▶ _Task instructions_: Reproduce the lines of the material exactly, excluding every image.

▶ _Given data_:
################

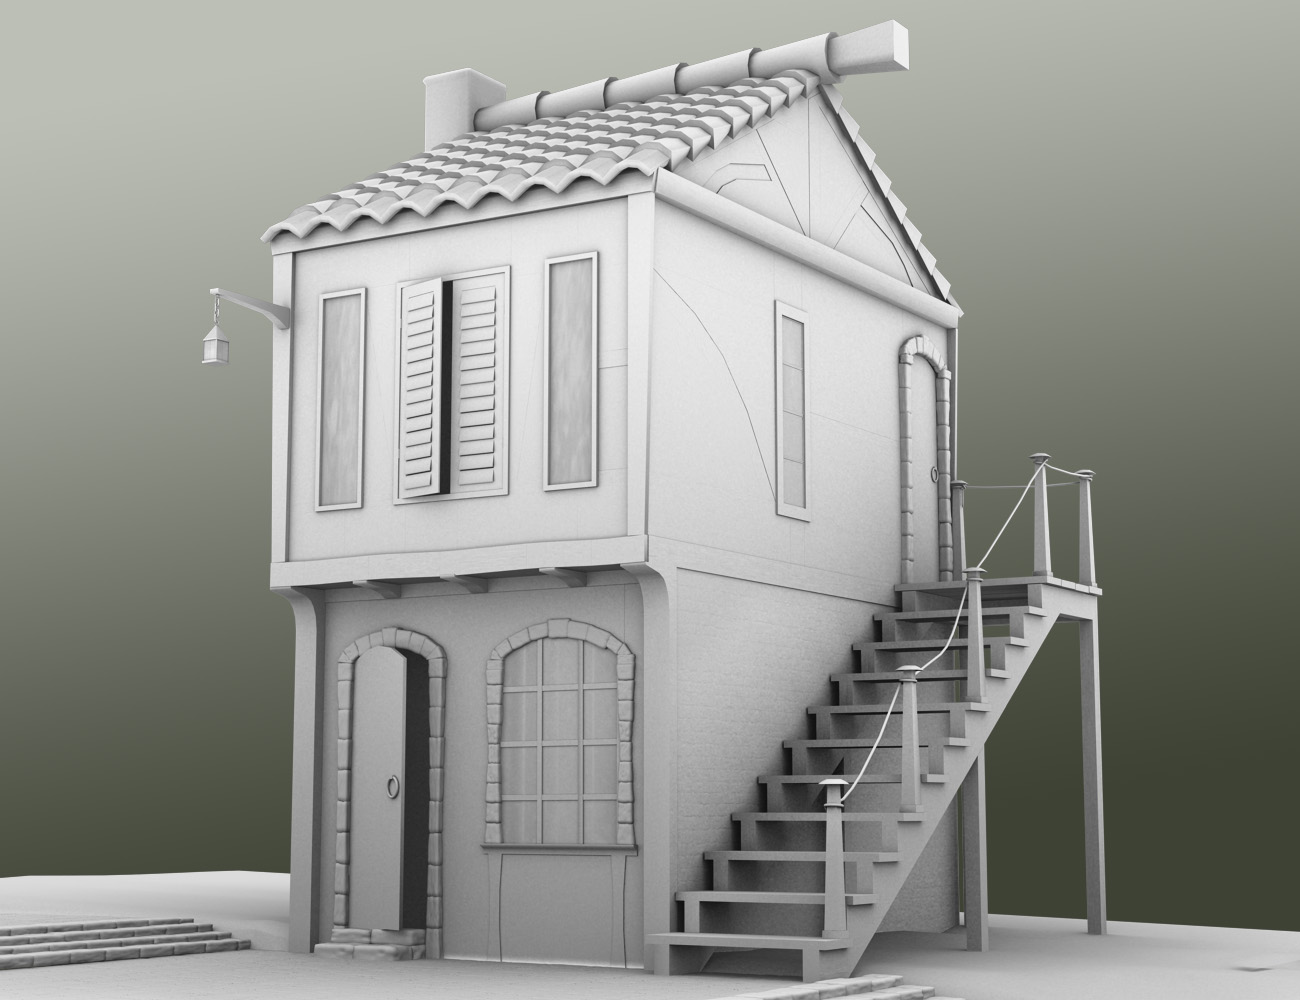 Gatwyck Houses by: Muze, 3D Models by Daz 3D
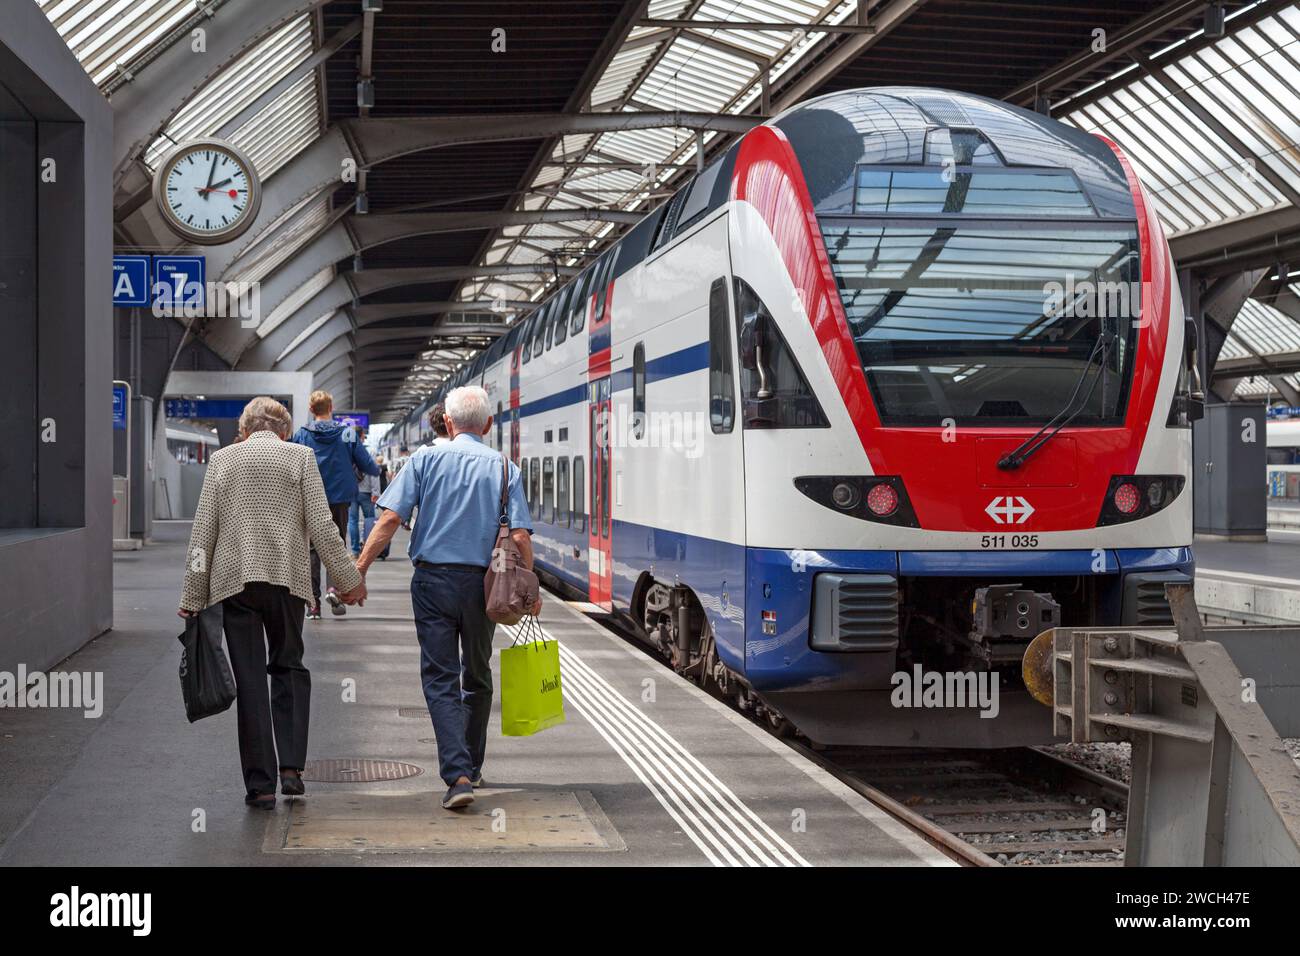 Zurigo, Svizzera - 13 giugno 2018: Il treno Stadler KISS gestito dalle Ferrovie federali svizzere nella stazione ferroviaria di Zürich HB. Foto Stock
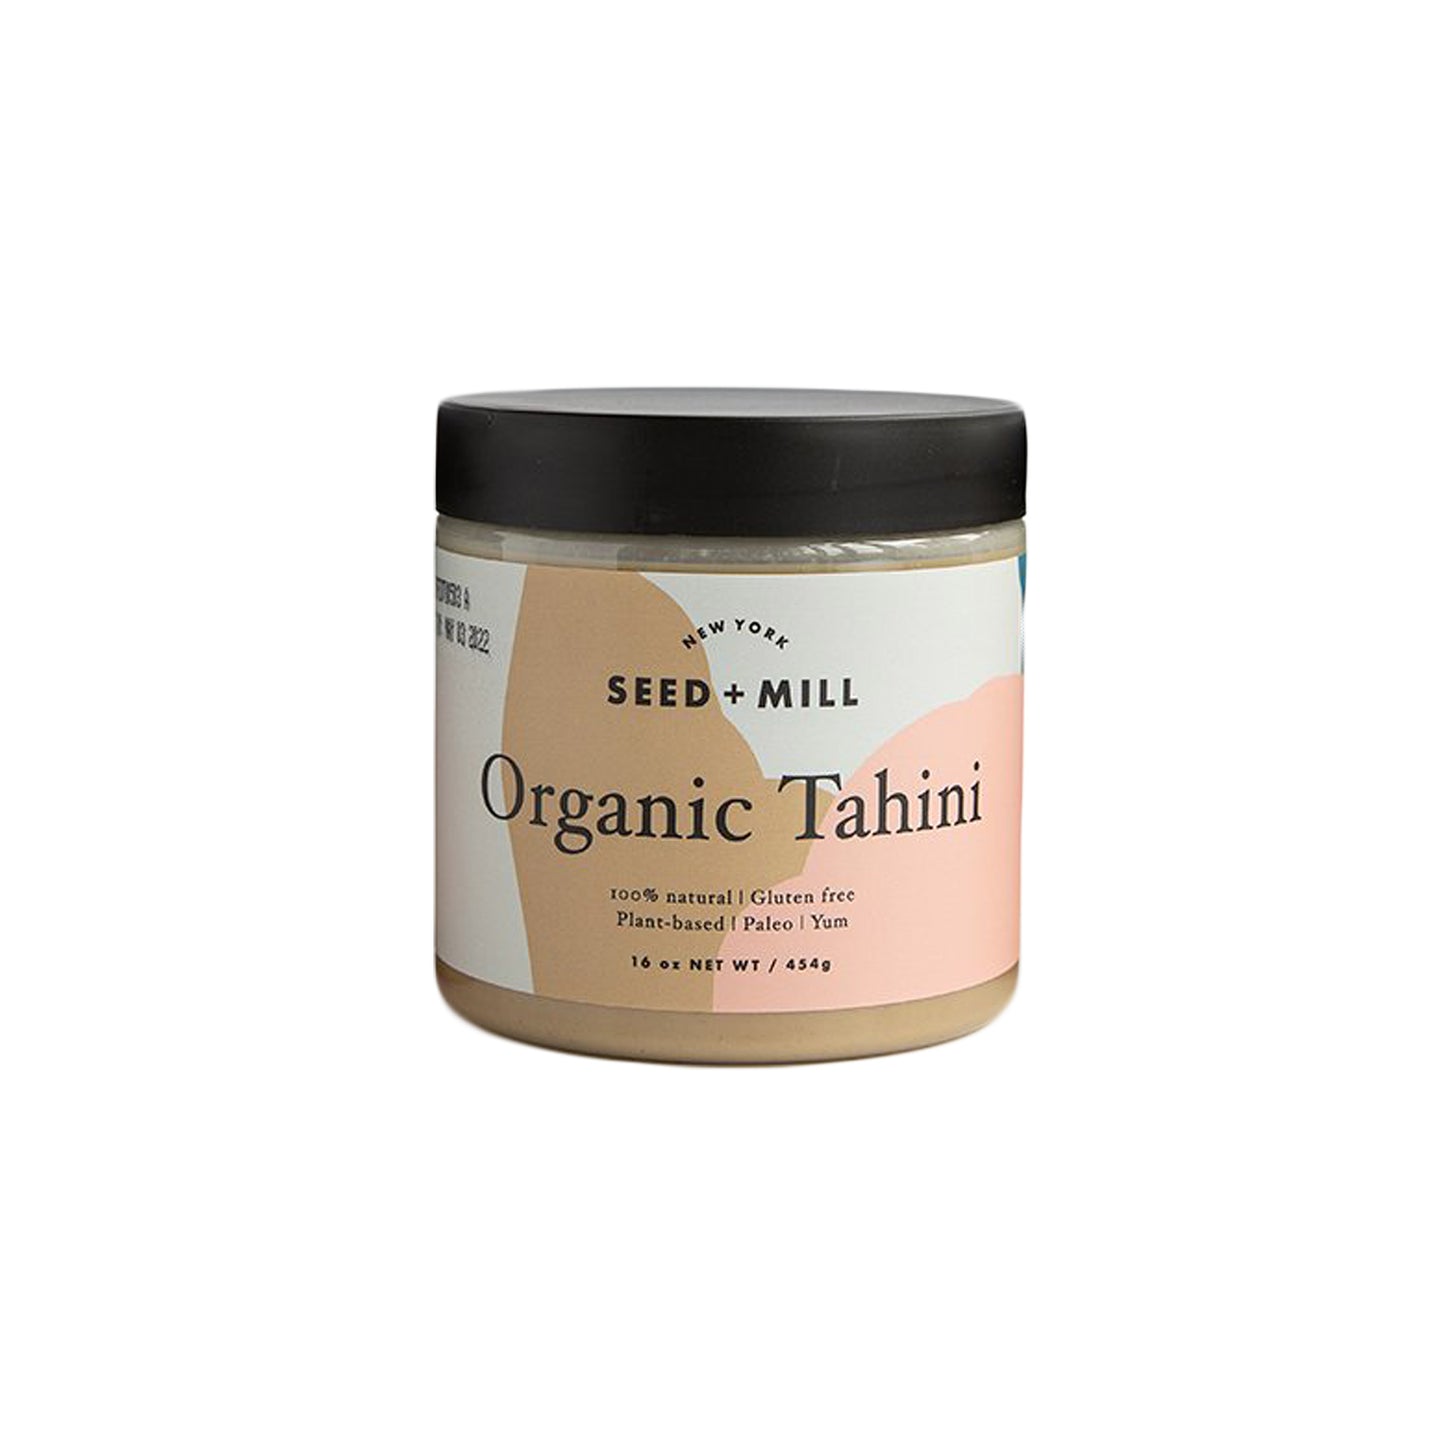 Seed + Mill Organic Tahini, 16 ounce
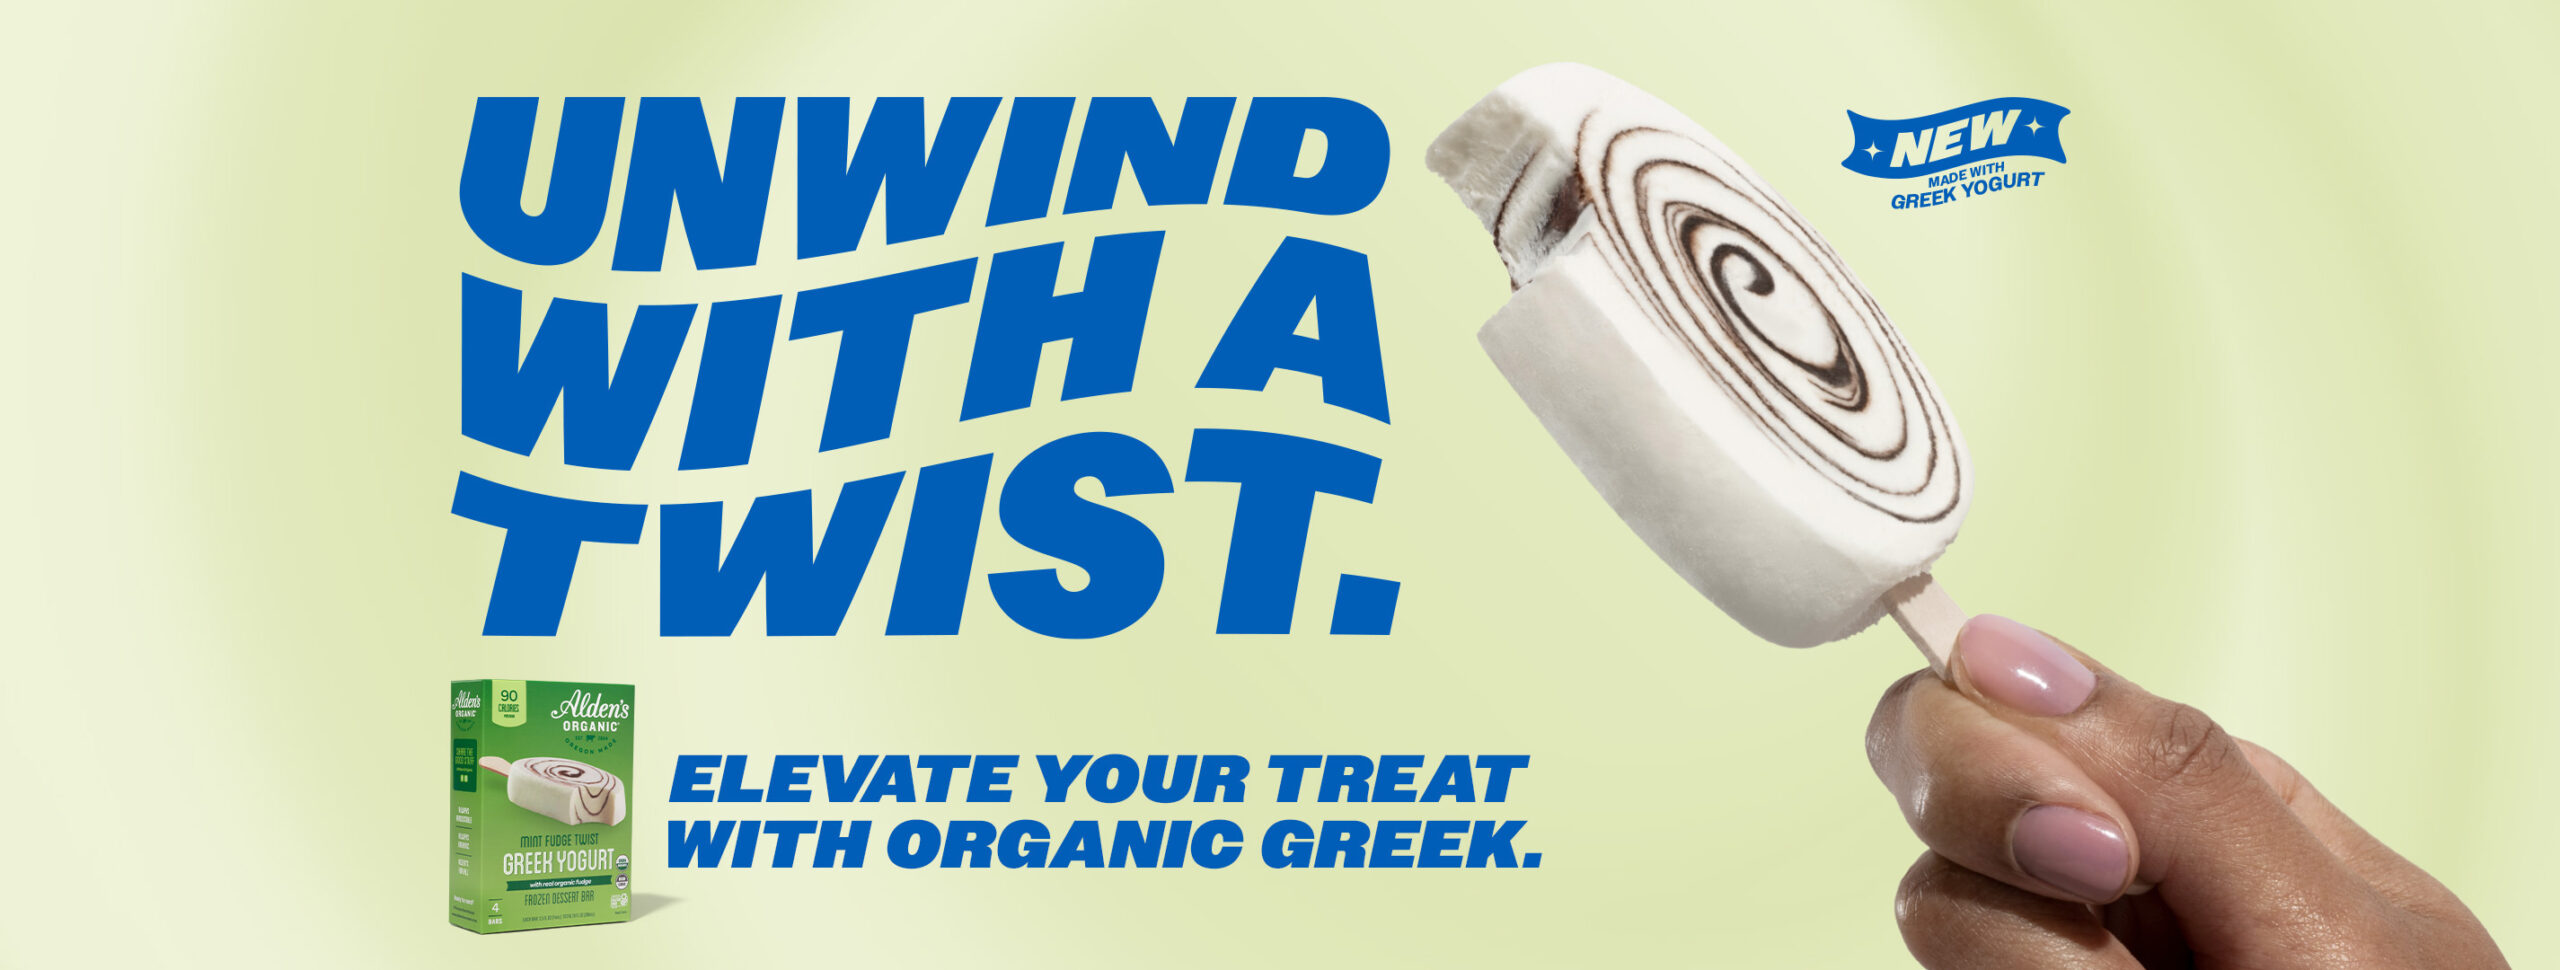 Alden's Greek Yogurt - Unwind with a Twist.

################

▶ _Answer section_:
 Gatwyck Houses by: Muze, 3D Models by Daz 3D
 Zurigo, Svizzera - 13 giugno 2018: Il treno Stadler KISS gestito dalle Ferrovie federali svizzere nella stazione ferroviaria di Zürich HB. Foto Stock
 Seed + Mill Organic Tahini, 16 ounce
 Alden's Greek Yogurt - Unwind with a Twist.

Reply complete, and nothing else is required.